Alfred Philpott (Phillpot) was born on 15 December 1870 in Tysoe, Warwickshire, England, one of ten children of William Philpott (Philpotts), a farm labourer, and his wife, Mary Ann Wilkins. William lost his job following an industrial dispute, and with his family and relatives of his wife sailed for New Zealand on the Scimitar in December 1873. The Philpotts settled at Waikiwi, north of Invercargill, on a small farm and later bought an 18-acre, bush-covered section a short distance away at West Plains. Alfred went to school at Waikiwi, where he was first fired with the desire to collect insects after listening to a lecture delivered by his school master, Thomas Jolly.
After his primary schooling, Alfred was forced by family circumstances to seek work, first as a farm labourer, then as a wool-classer and musterer. He attended night classes for a short period, then gained a position at the Underwood Milk Preserving Works, rising to become assistant condenser. His biological knowledge and microscopic work had a considerable influence on the making and marketing of the product later to become the Highlander brand of condensed milk.
From the mid 1890s Philpott, in the company of various colleagues including George Howes and Harold Hamilton, explored remote parts of southern New Zealand, building up a comprehensive moth collection. He described and illustrated some of the new species he discovered, but sent many invertebrates, including insects, to specialists in New Zealand and overseas; this resulted in a significant number of genera and species being named in his honour. Underlining his broad interests in natural history and keen observational skills, Philpott published four papers on the birds of southern New Zealand and spoke out against the acclimatisation of foreign animals and plants.
On 4 April 1901 at Invercargill, Alfred Philpott married Clara Matilda (Tilly) Barham, a fellow employee at the milk works. The couple settled at Wallacetown; they were to have no children. Having accumulated a sufficient estate, Alfred resigned his position at the factory around 1910 to devote his time to science, particularly the study of moths. He was an honorary curator for the Southland Museum from May 1915 until September 1917, when he became joint curator and secretary.

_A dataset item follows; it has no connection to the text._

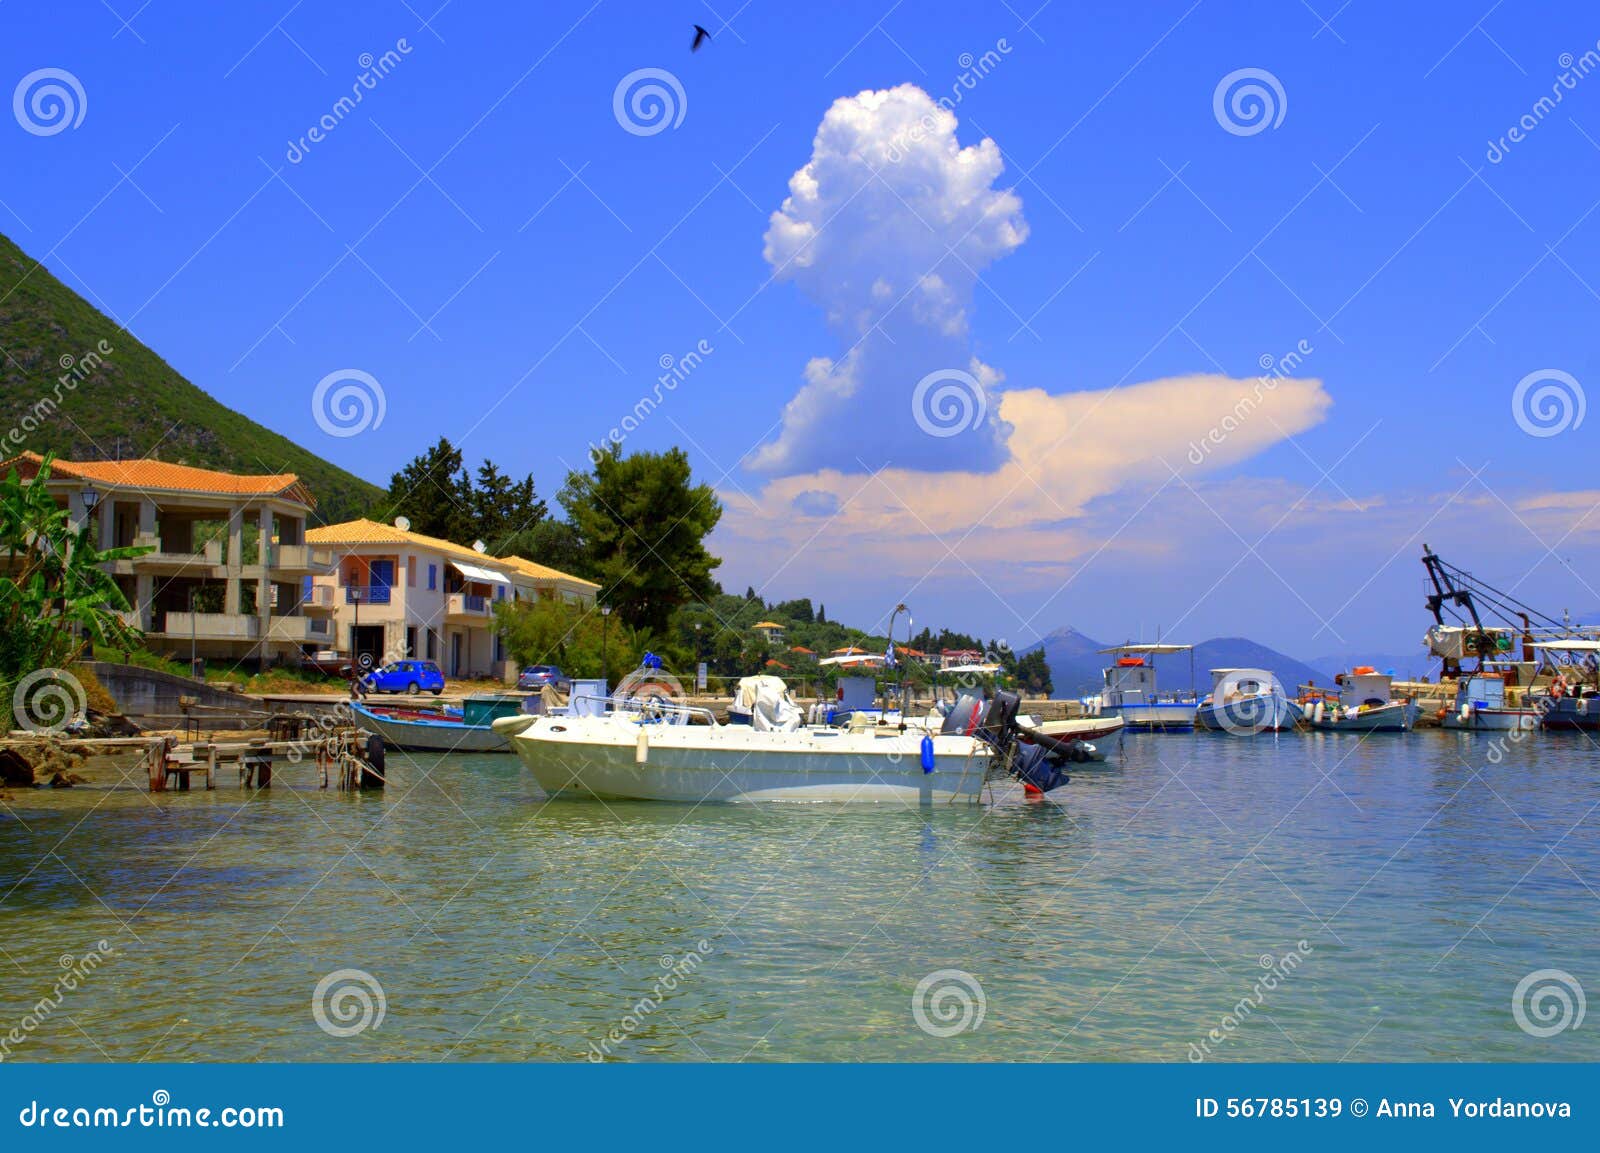 Beautiful Greek Island Coastline View Stock Image - Image of lefkada ...
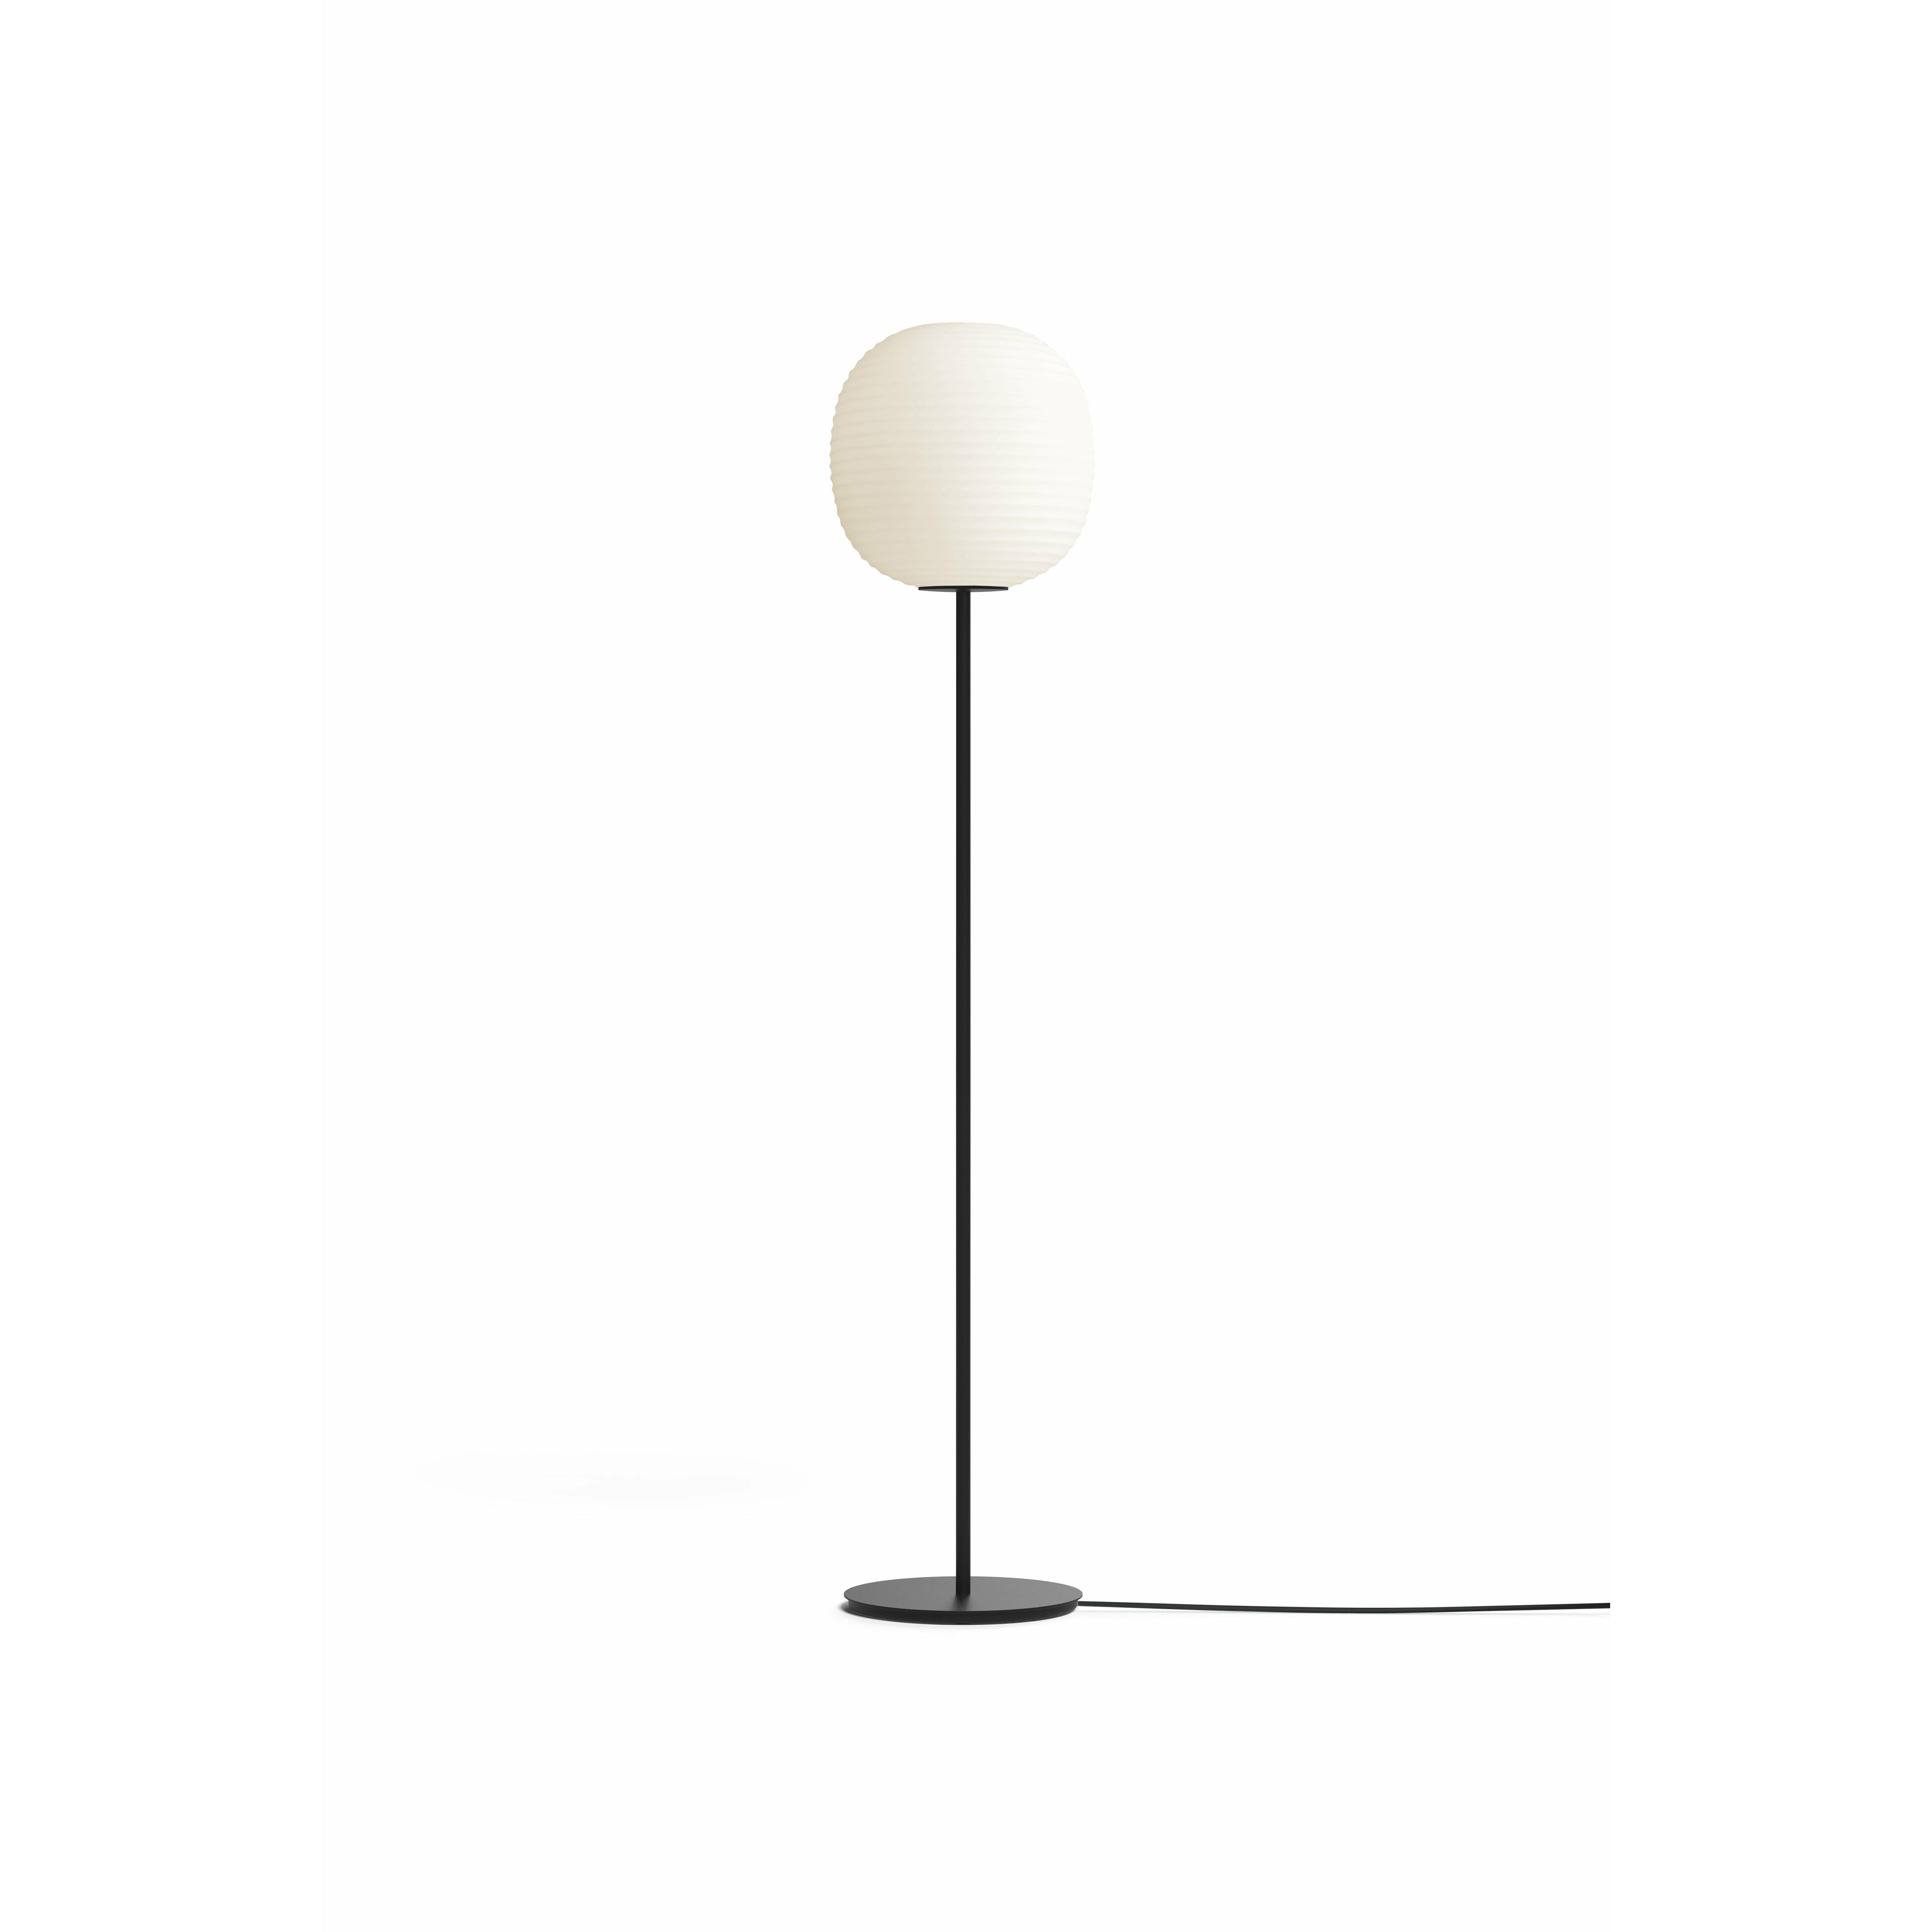 New Works Lantaarn vloerlamp, Ø30 cm

Philpott's association with visiting overseas entomologists such as Robin Tillyard led to his being invited to join the staff of the Cawthron Institute in Nelson as first assistant entomologist. He resigned his position at the Southland Museum in March 1920. Under the guidance of Tillyard, Philpott continued his exploratory work describing many new moth species from Nelson province, the Mt Cook area and the Mackenzie Country. More importantly, he began to study and describe important structures such as the genitalia. In this field he was a world pioneer and gained international recognition. His painstaking work with Aphelinus mali, a parasitic wasp used to control woolly aphid on apple trees, was fundamental to the success of this programme. Philpott resigned his position in 1925 to devote his time to the systematic study of Lepidoptera, but stayed on at the Cawthron Institute as an honorary research student.
Philpott was an accomplished essayist and regularly wrote the leading article in Saturday's Nelson Evening Mail. He covered literary and scientific subjects in addition to writing book reviews. He was both secretary and president of the Nelson Philosophical Society. After the severe earthquakes in Nelson province in 1929, the Philpotts moved to Auckland for the sake of Clara's health. Alfred soon became honorary entomologist at the Auckland War Memorial Museum and set to work describing unnamed species. He had earlier been elected a fellow of the Entomological Society of London and in January 1930 he was elected a fellow of the New Zealand Institute.
Alfred Philpott was a hard-working, generous and very modest person. Of medium height and physically strong, he sported a thick moustache in his 30s. He was a rationalist, opposed to all forms of organised religion, and a teetotaller. He took a keen interest in the Workers' Educational Association, participating in the literature and debating sections. Alfred was also a musician and for a short time played the euphonium in the Invercargill Garrison Band. At various times he was secretary or president of the Southland Naturalists' Society. He died at Auckland on 24 July 1930, survived by his wife. His main moth collection was gifted to the Cawthron Institute and is now in Auckland, managed by Landcare Research New Zealand.
Alfred Philpott published 78 scientific papers, mainly in the Transactions and Proceedings of the New Zealand Institute, but a significant number were published overseas. Of the total of 317 New Zealand moths he described, 253 of his names are accepted today. He preferred Maori-derived names for the few genera he created, with Kiwaia, Kupea and Tawhitia still in use. He was essentially a self-taught entomologist and scientist who played a major role in unravelling the distinctive nature of the New Zealand moth fauna and provided a sound systematic platform for its study.